Other French countships of note included those of:
- Count of Angoulême, later Duke
- Count of Anjou, later Duke
- Count of Auvergne
- Count of Bar, later Duke
- Count of Blois
- Count of Boulogne
- Count of Foix
- Count of Montpensier
- Count of Poitiers

====Parts of today's France long within other kingdoms of the Holy Roman Empire====
- Freigraf ("free count") of Burgundy (i.e. present Franche-Comté)
- The Dauphiné

===The Holy Roman Empire===
See also above for parts of present France

====In Germany====

A Graf ruled over a territory known as a Grafschaft ('county').

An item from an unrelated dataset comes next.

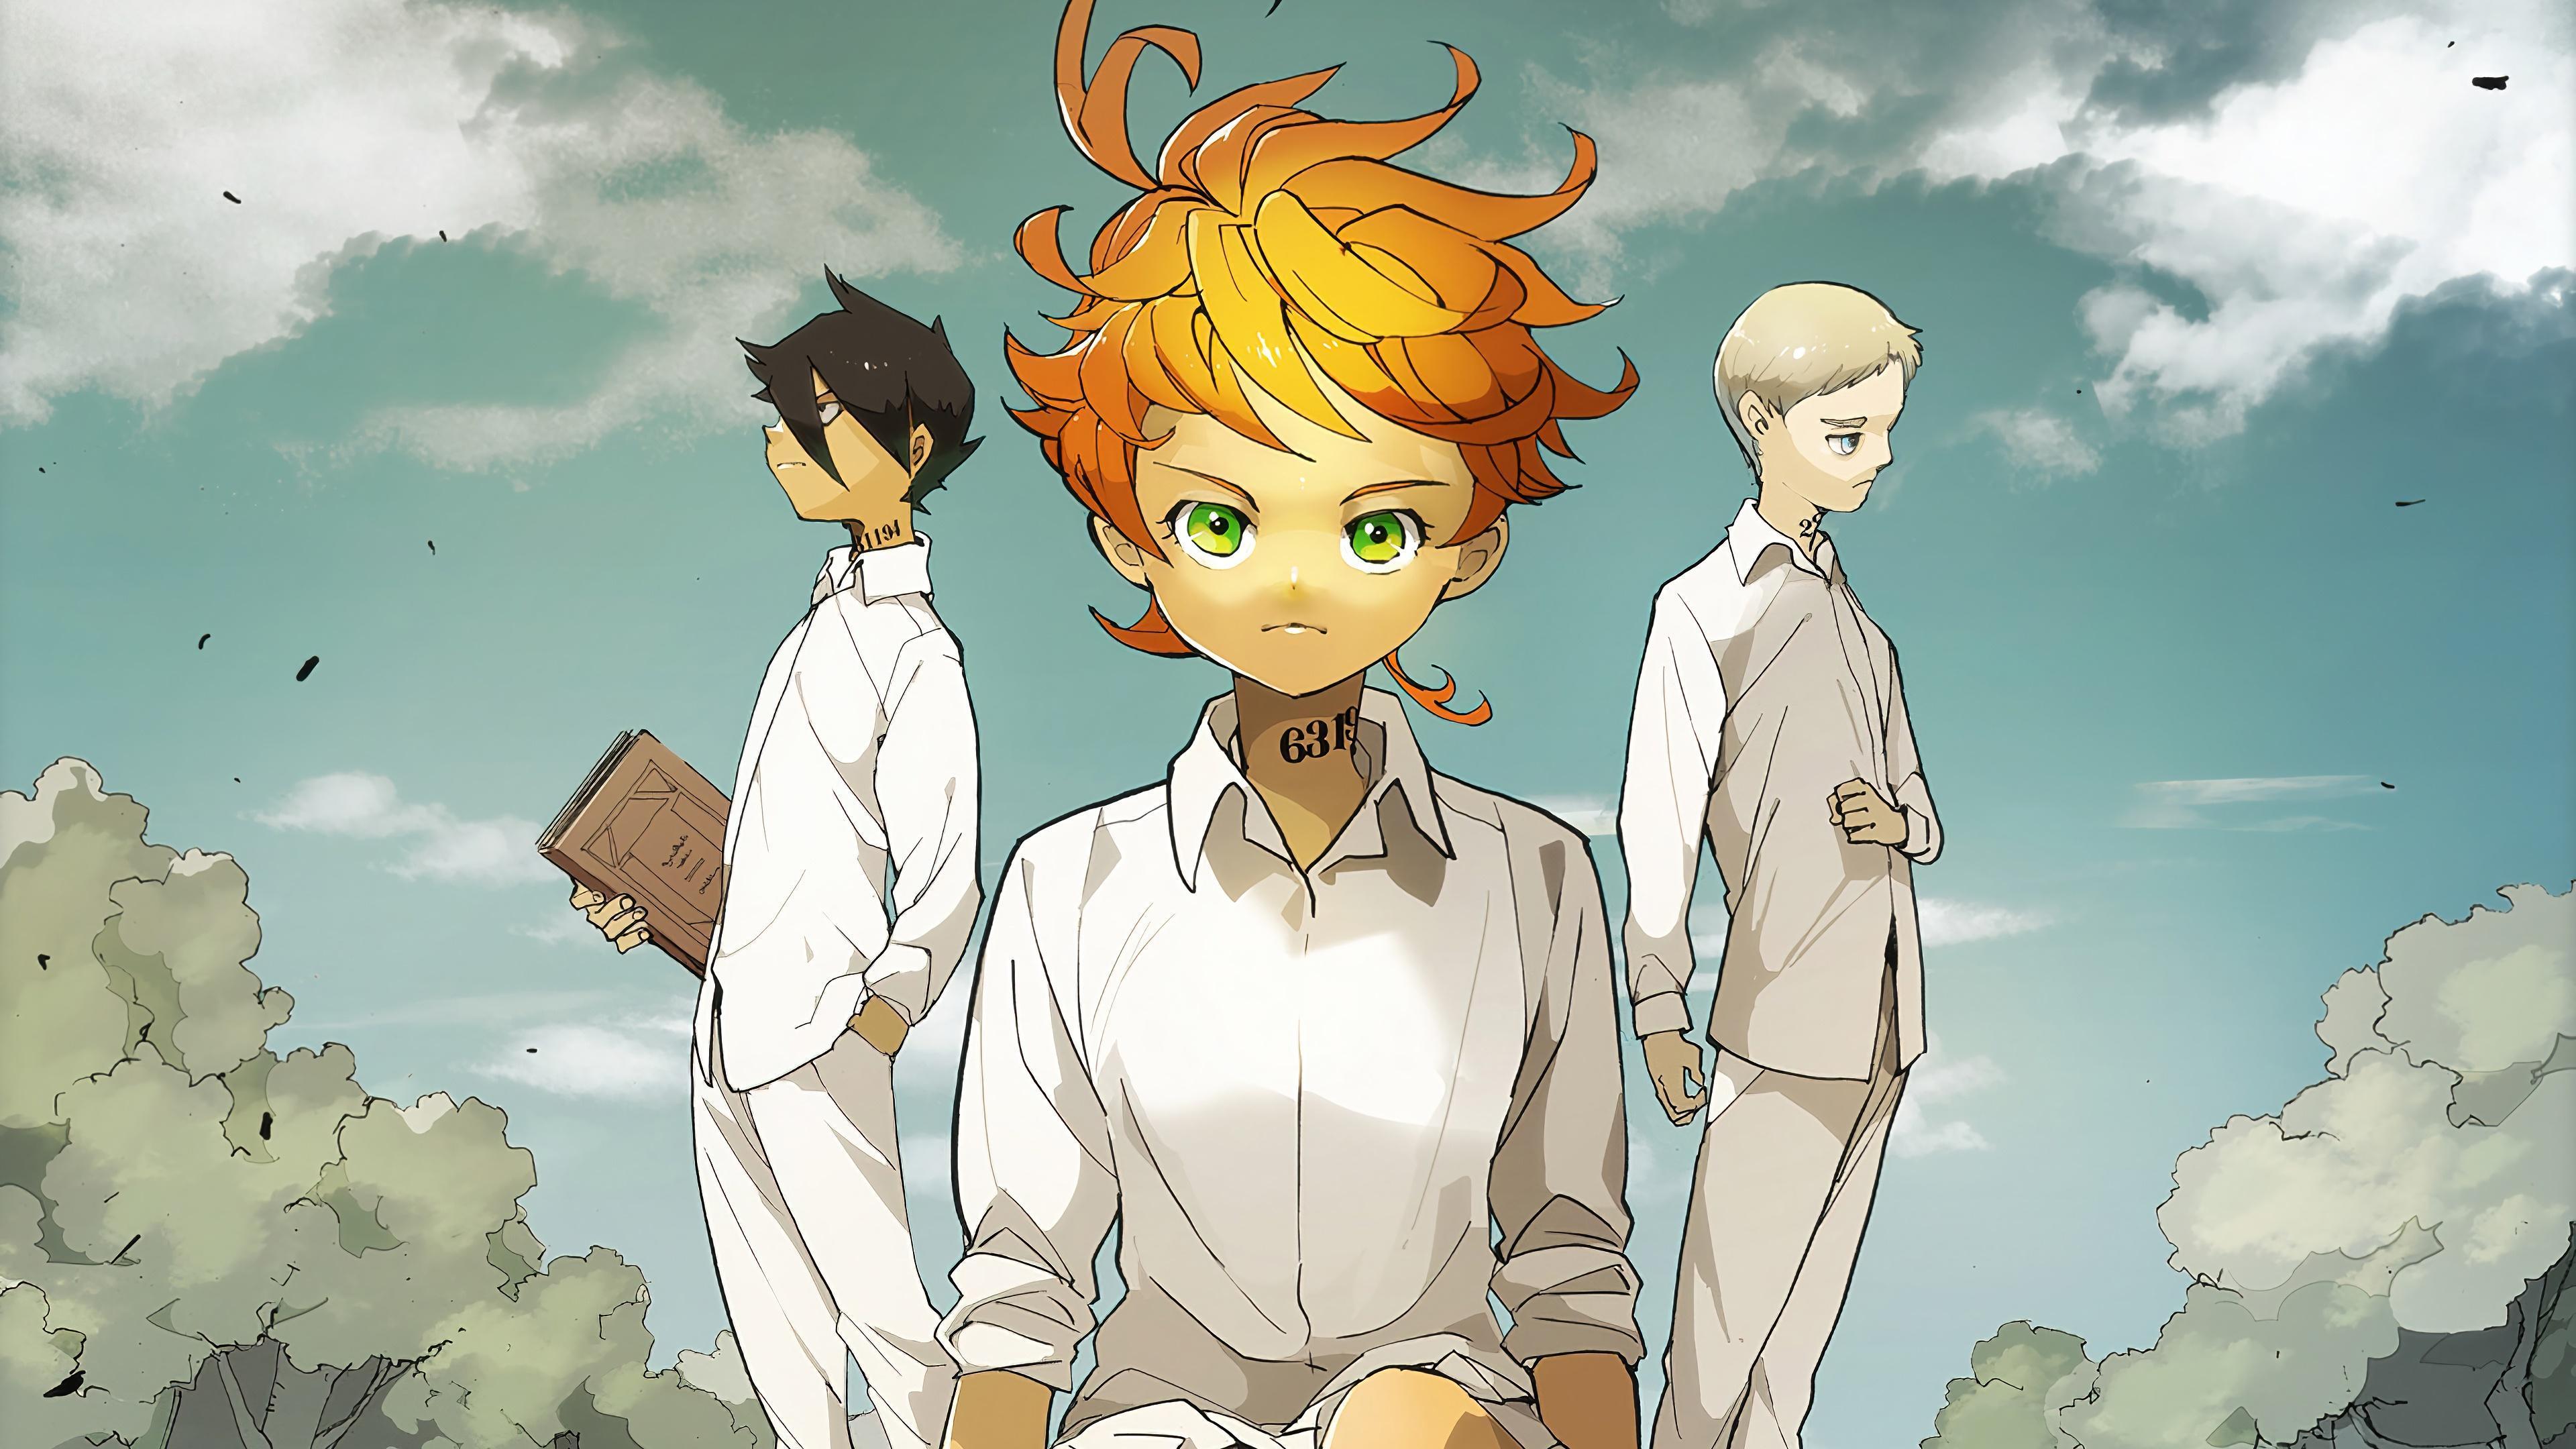 HD wallpaper, Wallpaper, The Promised Neverland, Ray, Norman, Hd, Emma, 4K

See also various comital and related titles; especially those actually reigning over a principality: Gefürsteter Graf, Landgraf, Reichsgraf; compare Markgraf, Burggraf, Pfalzgraf (see Imperial quaternions).

====Northern Italian states====
The title of Conte is very prolific on the peninsula. In the eleventh century, Conti like the Count of Savoy or the Norman Count of Apulia, were virtually sovereign lords of broad territories. Even apparently "lower"-sounding titles, like Viscount, could describe powerful dynasts, such as the House of Visconti which ruled a major city such as Milan. The essential title of a feudatory, introduced by the Normans, was signore, modeled on the French seigneur, used with the name of the fief. By the fourteenth century, conte and the Imperial title barone were virtually synonymous.

Some titles of a count, according to the particulars of the patent, might be inherited by the eldest son of a Count. Younger brothers might be distinguished as "X dei conti di Y" ("X of the counts of Y"). However, if there is no male to inherit the title and the count has a daughter, in some regions she could inherit the title.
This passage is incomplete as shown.